Of course, with the player at a huge advantage, Super Time Force throws in some roadblocks for some balance. For starters, you only have 30 lives to spend per level before you hit the "game over" screen. These can be refilled with yellow shards that you pick up in each level, but extras don't carry over to the next stage — if you're skilled enough to get extras in the first place. Secondly, each level has a 60-second time limit. Like the lives, you can pick up items for 10-second boosts, and you can pick up fragments that slow down time, but no matter what, you'll always be fighting the clock. Unless you end up being really good about not dying and picking up every extension available, you'll use the time manipulation gimmick over and over again.
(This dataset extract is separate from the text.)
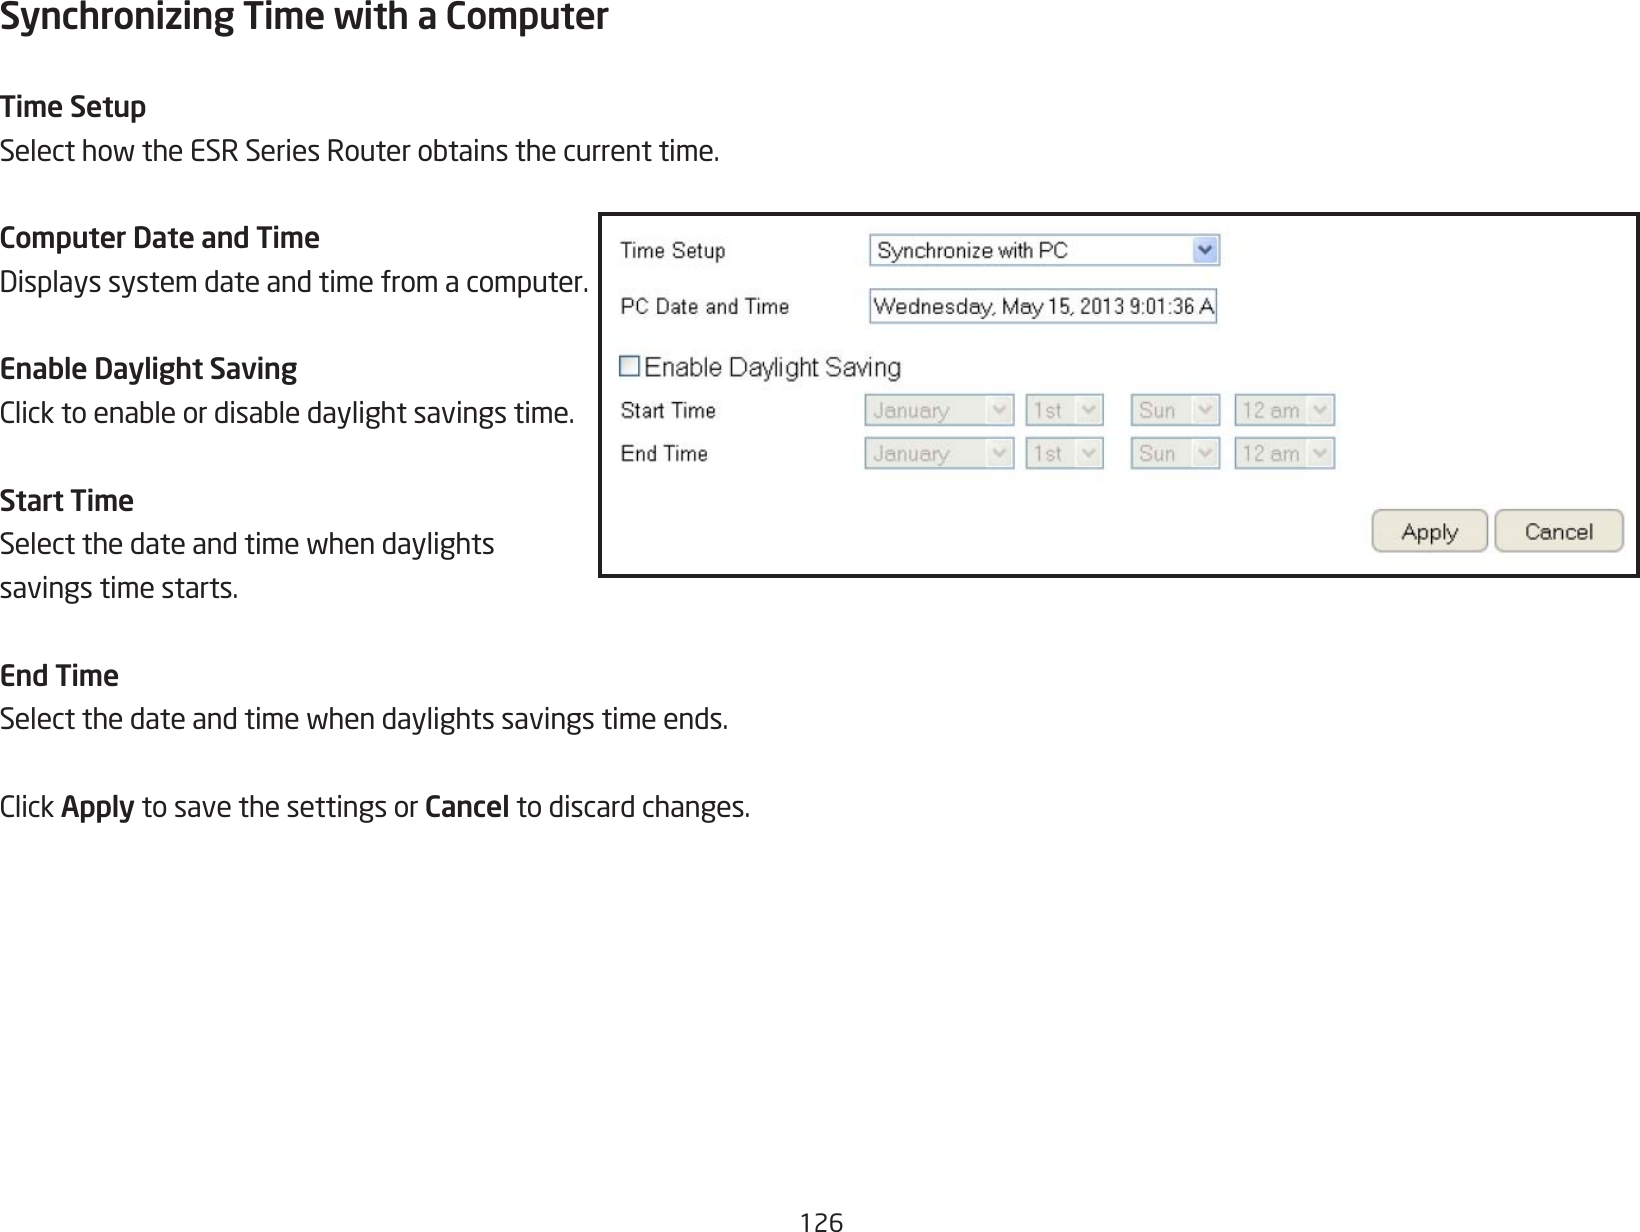 126Synchronizing Time with a ComputerTime SetupSelecthowtheESRSeriesRouterobtainsthecurrenttime.Computer Date and TimeDisplayssystemdateandtimefromacomputer.Enable Daylight SavingClicktoenableordisabledaylightsavingstime.Start TimeSelectthedateandtimewhendaylightssavings time starts.End TimeSelectthedateandtimewhendaylightssavingstimeends.ClickApply to save the settings or Cancel to discard changes.

That is perhaps one of the things that works against the game. The levels are designed in a way that exploration is tempting, especially when you see the alternate passages and pick-ups. Yet the presence of a persistent timer really stresses the need to finish as quickly as possible. If you're the type of gamer who likes to explore, you'll be hard-pressed to do so here, even though hidden goodies open up things like a mode where you need to rescue characters to use them instead of spamming the screen with multiples of the same character. The other thing certain players may not like is the overpowering preference of brute force over strategy. The final level in the game really makes you use your head when it comes to planning out which character should do what, but for most levels, all you really need to get through tough situations is use Jean's spread gun multiple times to blanket the area with bullets. Effective but inelegant, it'll beat most of the game rather easily while the aficionados will tinker with character combos to get better times using the least amount of people possible.
If there is a game that embodies a stereotypical indie aesthetic, Super Time Force is it. Every element is comprised of pixels that fully embrace their blocky nature, from the characters to the backgrounds and the explosions. Every character and enemy is sizeable to the point where one can easily tell everything apart. The game runs a full color gamut, so the game looks rich, and movement is smooth and no slowdown occurs. As for the sound, expect a full chiptune assault with tunes that fit in during the 8- or 16-bit era, and the effects sound like richer versions of what gamers enjoyed back then. It's all beautifully set up for retro enthusiasts to appreciate, and it works very well with the playful nature of the game.
Super Time Force is a good shooter with some depth. The time manipulation gimmick works great for those who want to use brute force as well as those who want some strategy, though the latter won't be rewarded until the very end. It makes the well-worn genre feel fresh again, and even though the initial game can be short, the amount of secrets and the presence of further difficulty levels give the game some legs. The writing and humor may not be the title's strong suits, but with everything else running smoothly enough, it can easily be overlooked. For fans of the genre, Super Time Force is worth checking out.